THIS PRESS RELEASE IS NOT FOR DISTRIBUTION IN THE UNITED STATES OR TO U.S. NEWS AGENCIES

Goodfood Market Corp. (“Goodfood” or the “Company”) (TSX: FOOD) is pleased to announce that it has closed its previously announced public offering (the “Offering”) of $30,000,000 aggregate principal amount of 5.75% convertible unsecured subordinated debentures of the Company (the “Debentures”) due March 31, 2027, at a price of $1,000 (the “Offering Price”) per $1,000 principal amount of Debentures, through a syndicate of underwriters co-led by Desjardins Capital Markets and National Bank Financial Inc. (together, the “Co-Lead Underwriters”), and including CIBC World Markets Inc., RBC Dominion Securities Inc., Scotia Capital Inc., Canaccord Genuity Corp., Raymond James Ltd., Stifel Nicolaus Canada Inc. and Acumen Capital Finance Partners Limited (collectively with the Co-Lead Underwriters, the “Underwriters”).

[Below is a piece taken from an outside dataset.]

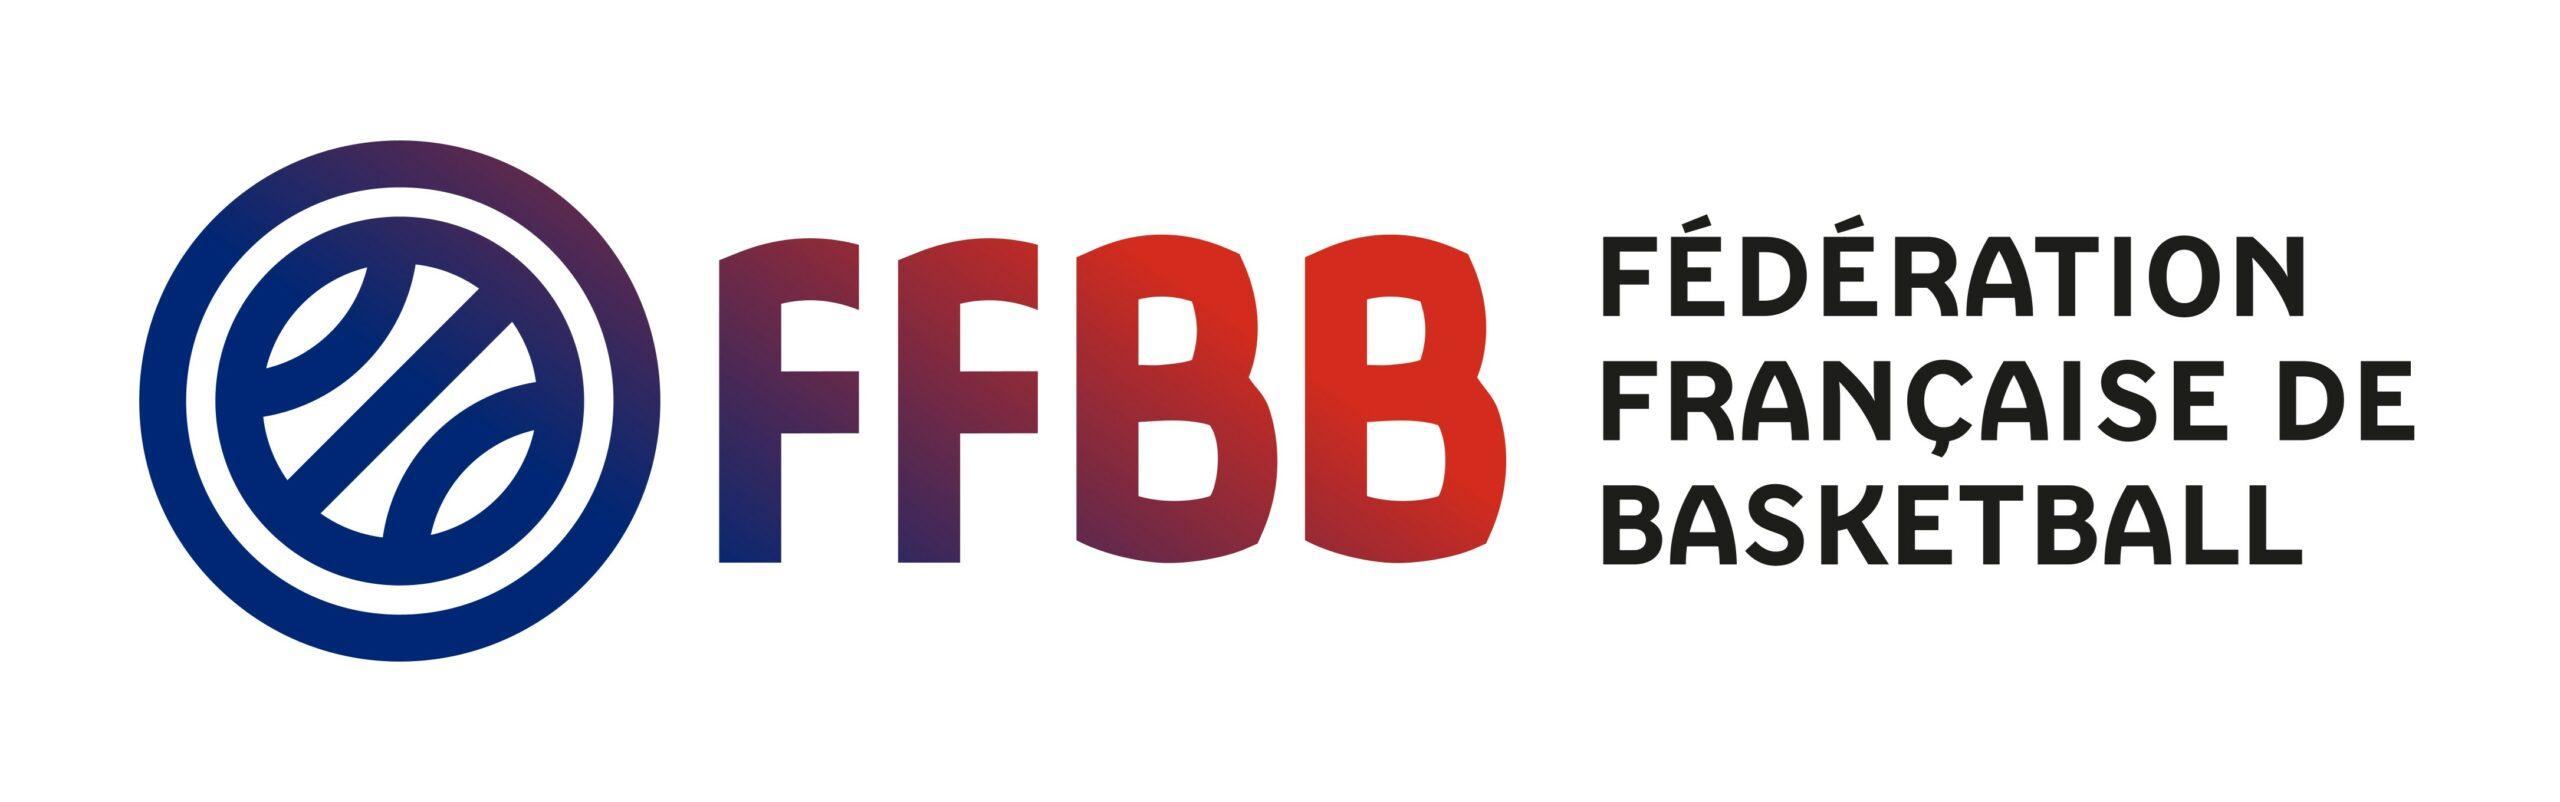 logo ffbb baseline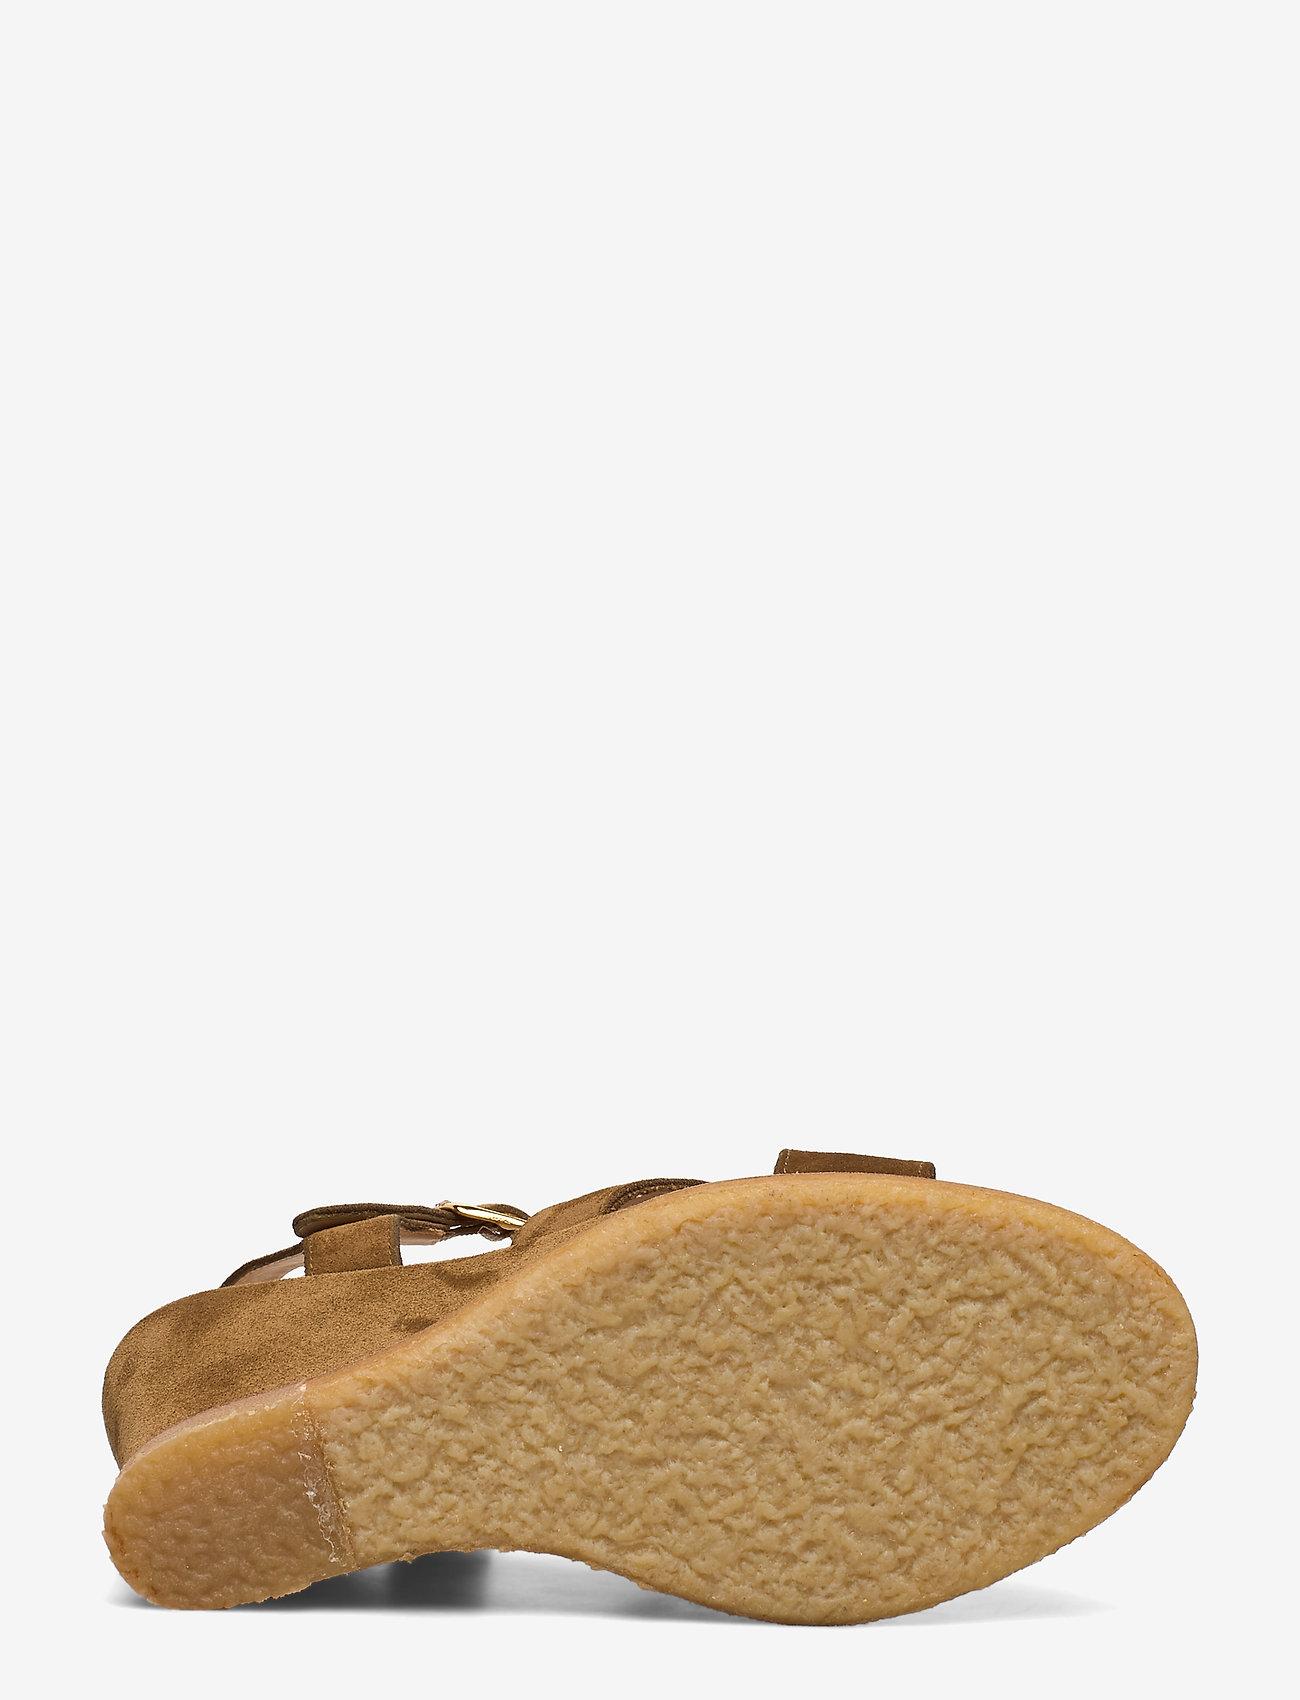 Sandals - Wedge (2209 Mustard) (120.25 €) - ANGULUS fdlPu

The Debentures will bear interest at a rate of 5.75% per annum, payable semi-annually on March 31 and September 30 of each year, commencing on September 30, 2022. The Debentures will be convertible at the holder’s option into Goodfood common shares (the “Common Shares”) at a conversion price of $4.60 per Common Share, representing a conversion rate of 217.3913 Common Shares per $1,000 principal amount of Debentures. The Debentures will be direct, subordinated unsecured obligations of the Company, subordinated to any senior indebtedness of the Company, including the Company's revolving credit facility, and ranking equally with one another and with all other existing and future subordinated unsecured indebtedness of the Company to the extent subordinated on the same terms. The Debentures will mature on March 31, 2027 and may be redeemed by Goodfood, in certain circumstances, on or after March 31, 2025. The Debentures will be listed and posted for trading on the Toronto Stock Exchange under the symbol “FOOD.DB.A” at the opening of markets today.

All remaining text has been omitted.